* _WHAT TO DO_
From the entries below, print exactly the span beginning with the line holding "Fender Tele American" and ending with the line holding "Engineering Solutions, Inc. logo", endpoints included, and skip any pictures.

*** Opening RECORD SET ***

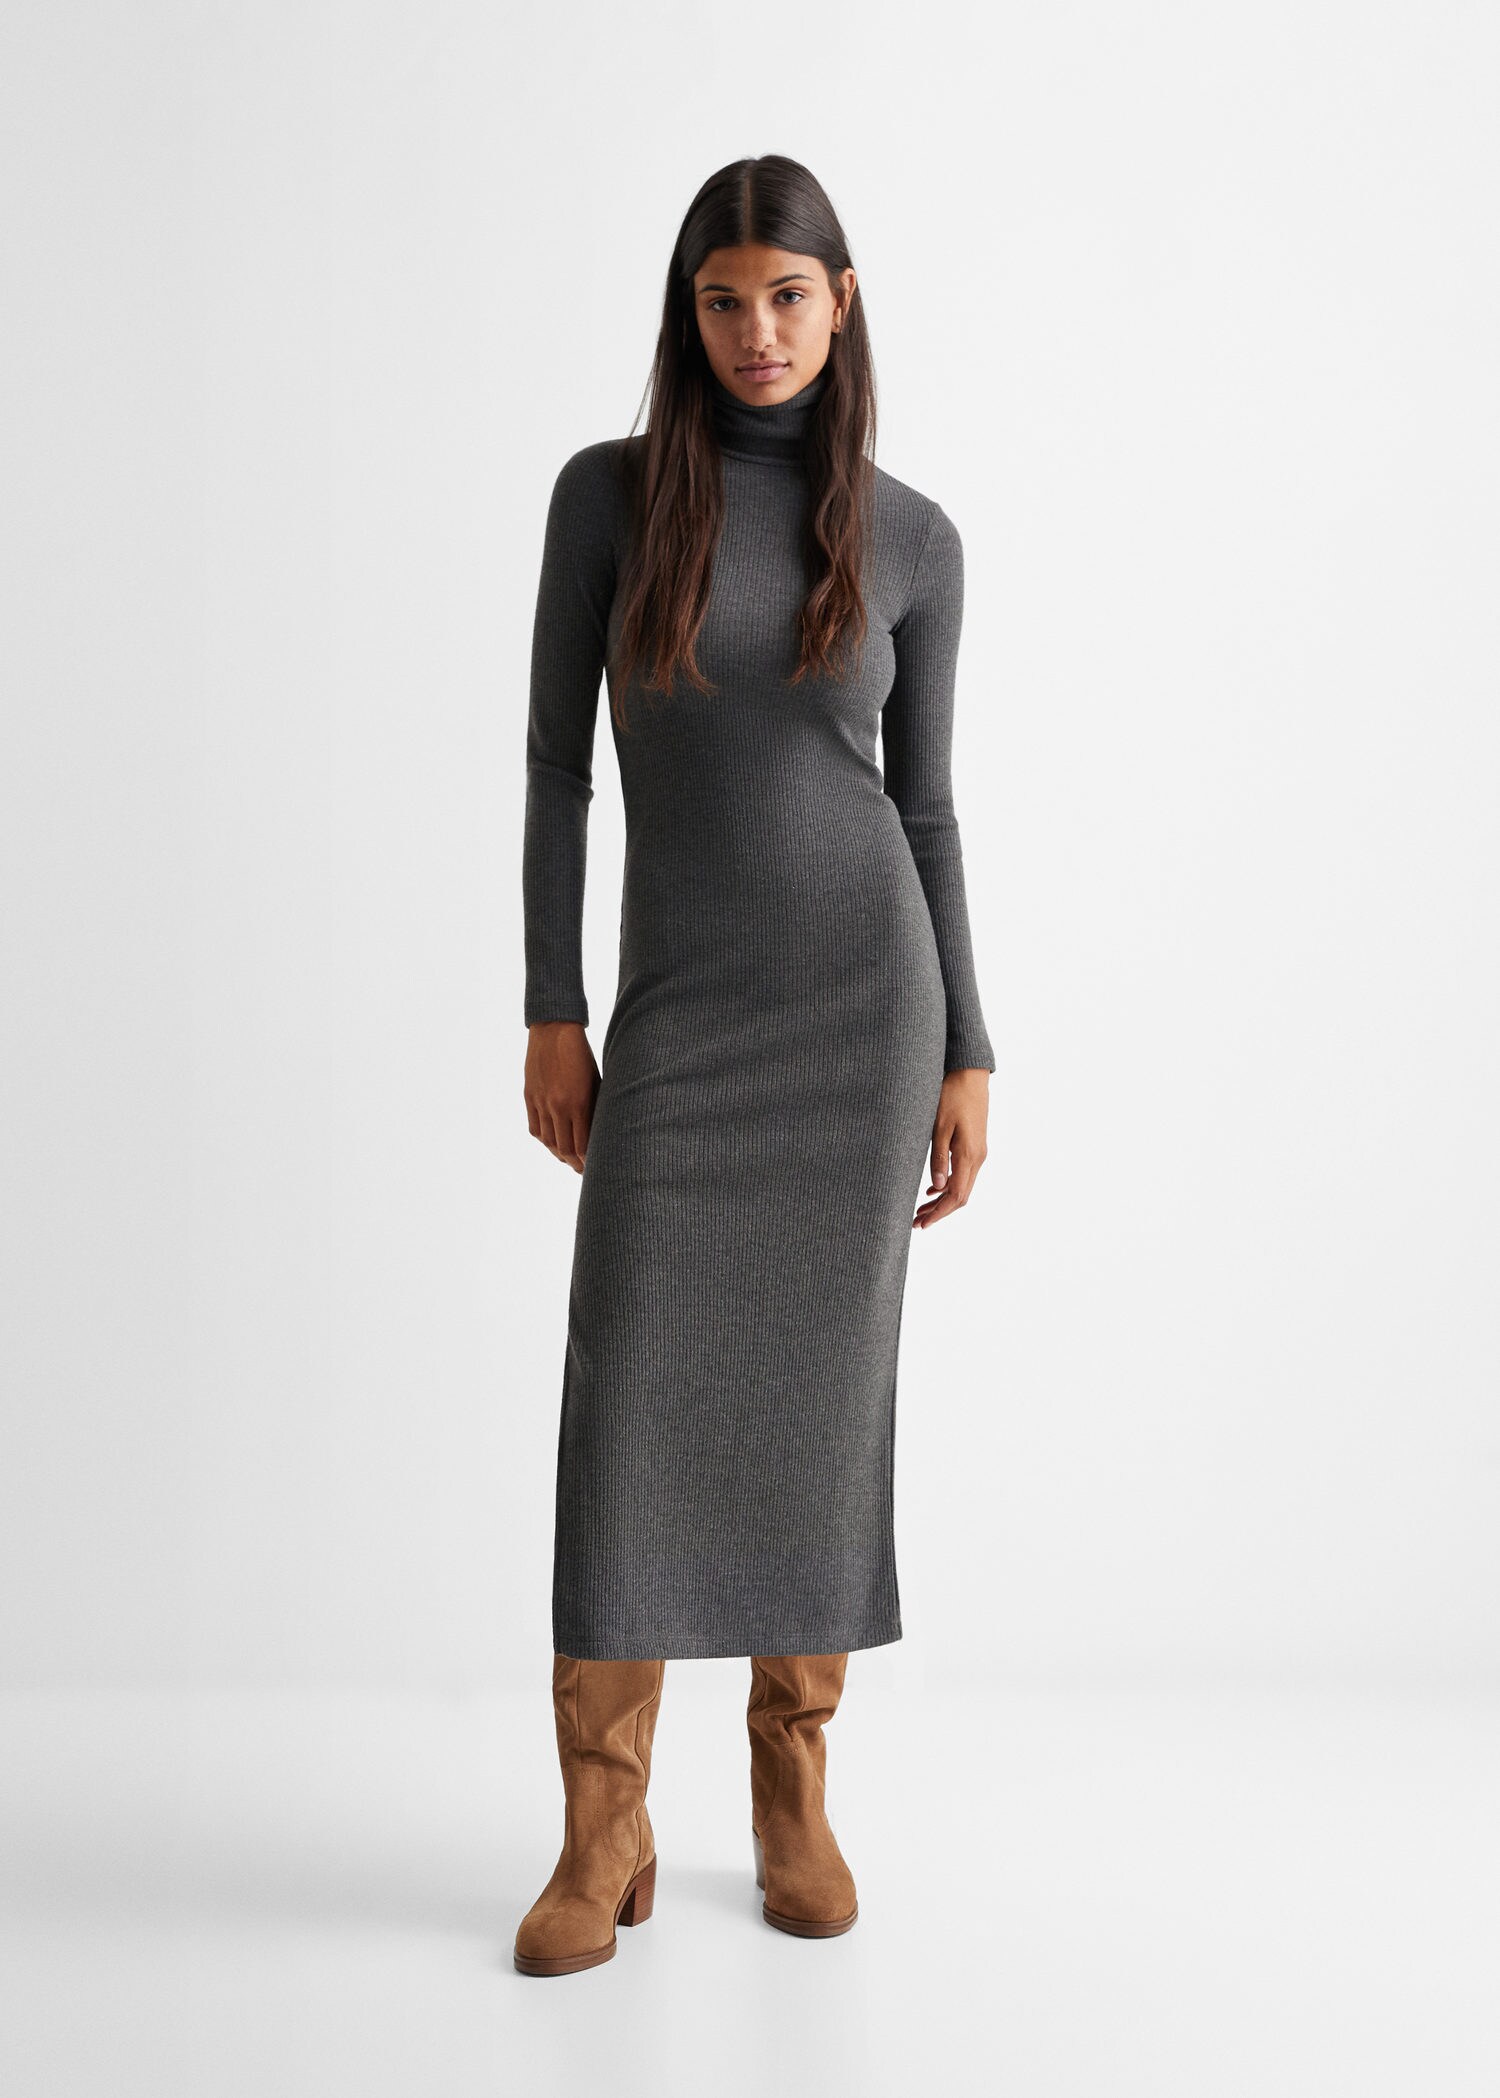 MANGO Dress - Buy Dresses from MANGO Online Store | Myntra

*** Closing RECORD SET ***
*** Opening RECORD SET ***

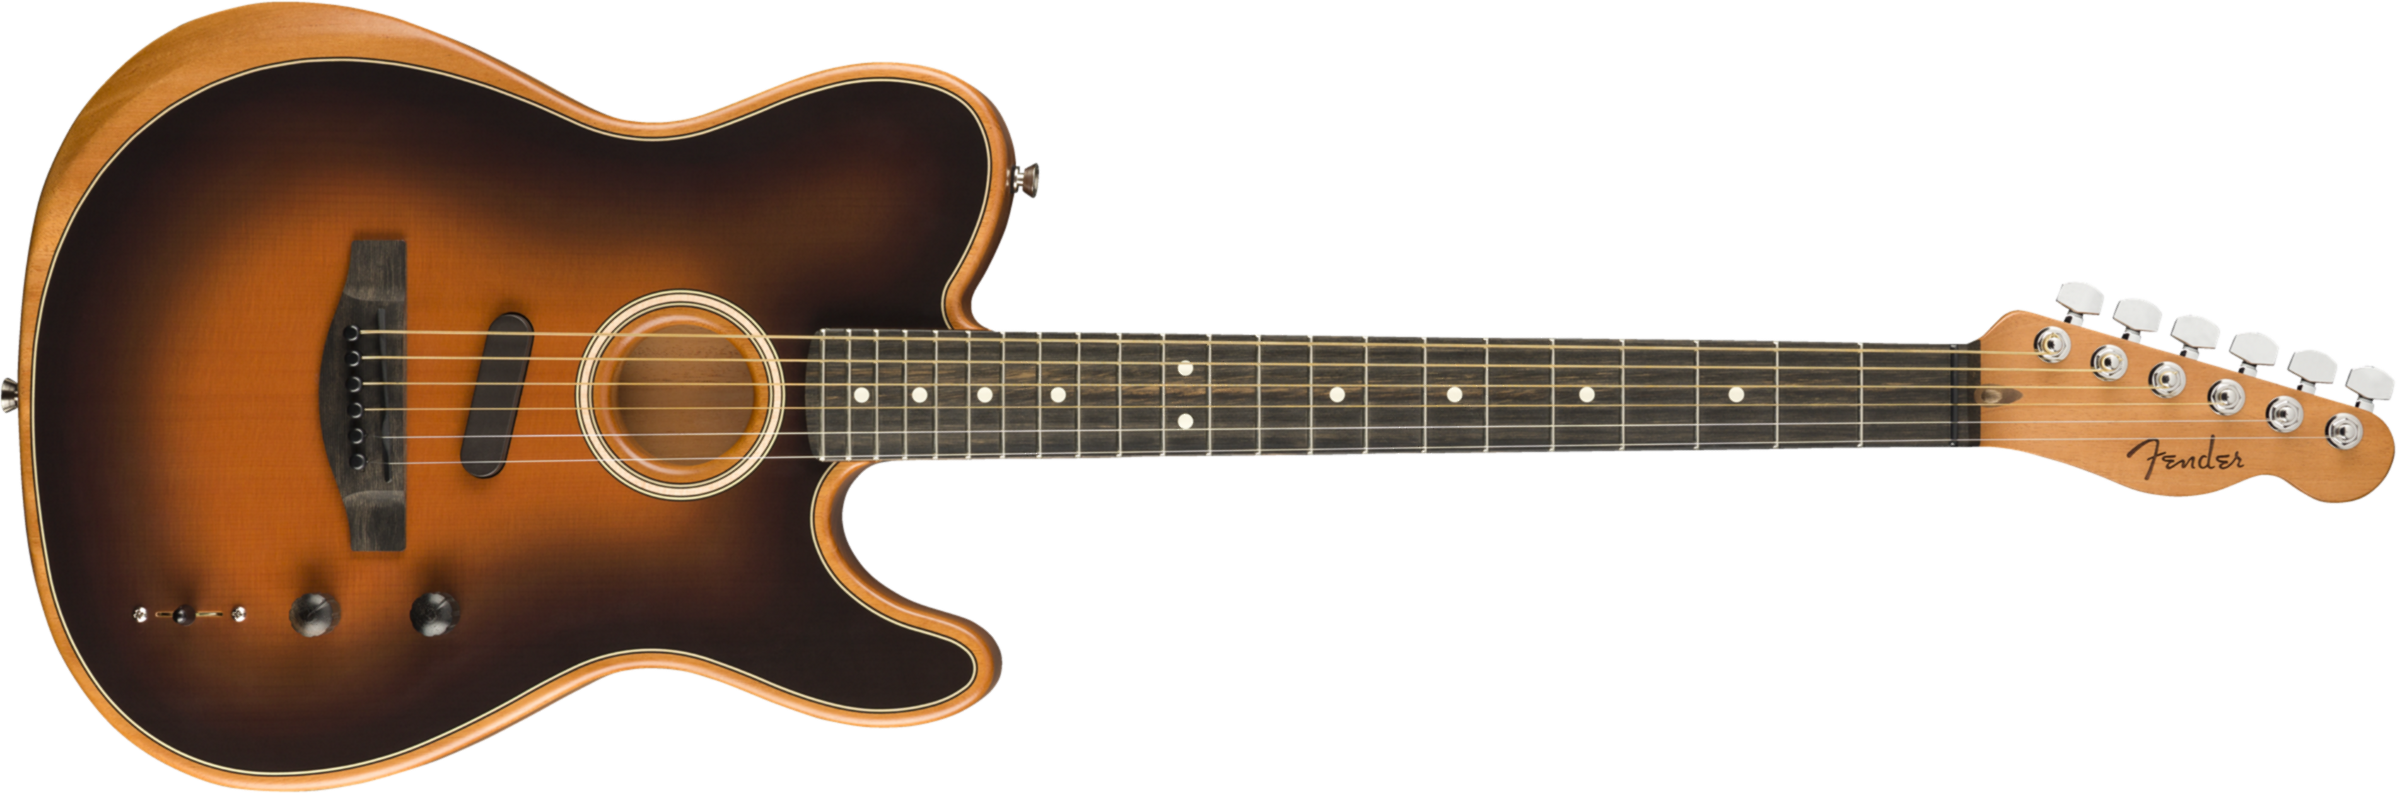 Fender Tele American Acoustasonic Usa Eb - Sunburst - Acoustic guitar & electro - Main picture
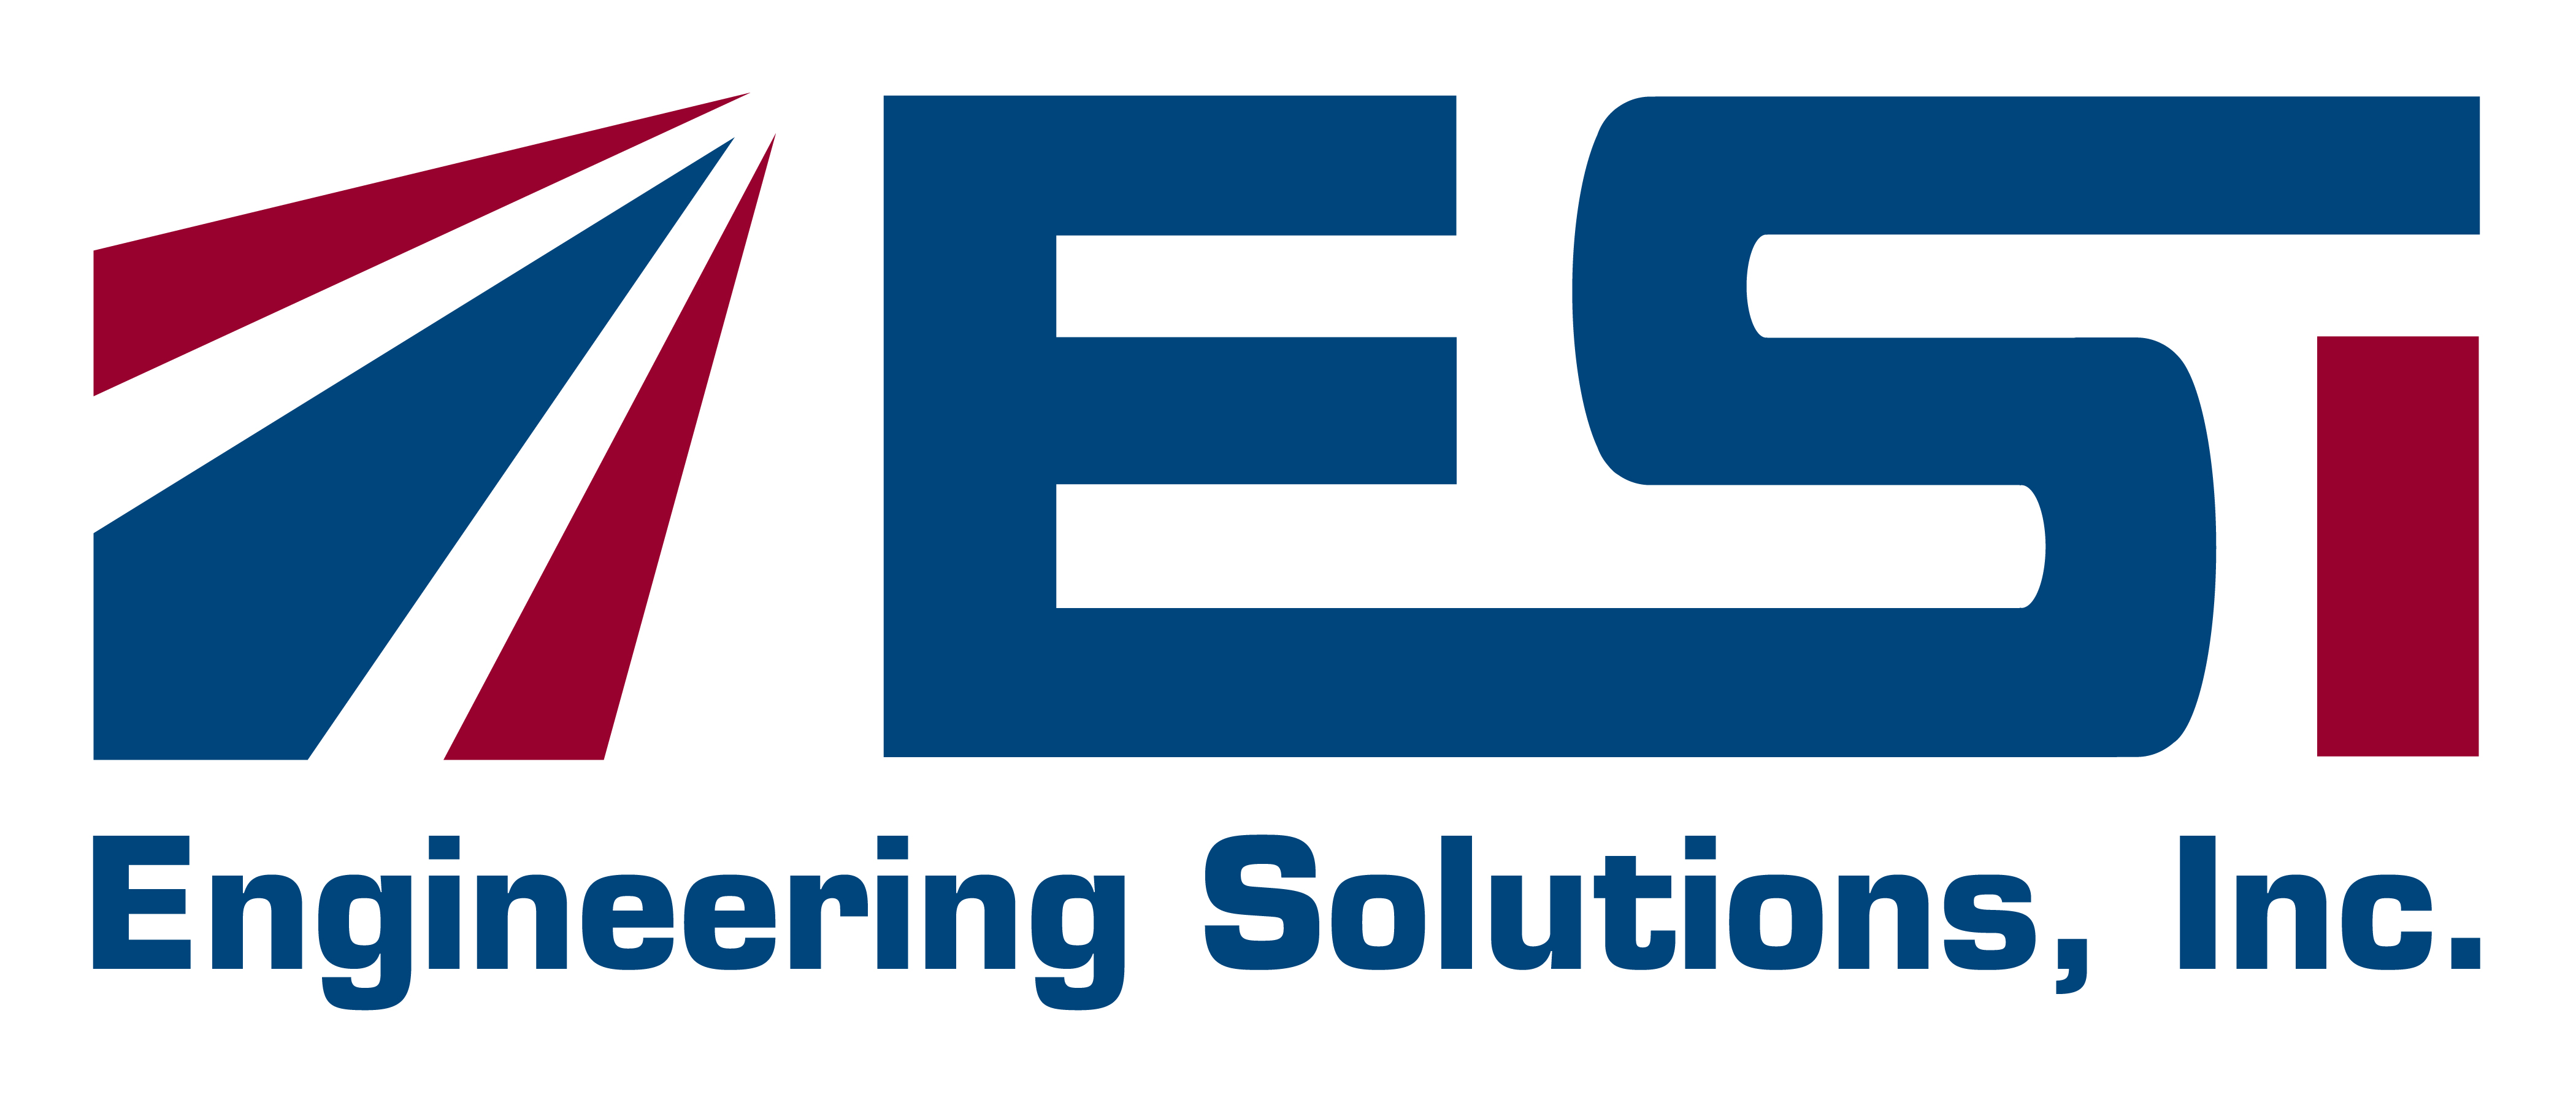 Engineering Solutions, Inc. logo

*** Closing RECORD SET ***

* _EXERCISE RESULT_
 Fender Tele American Acoustasonic Usa Eb - Sunburst - Acoustic guitar & electro - Main picture
 Engineering Solutions, Inc. logo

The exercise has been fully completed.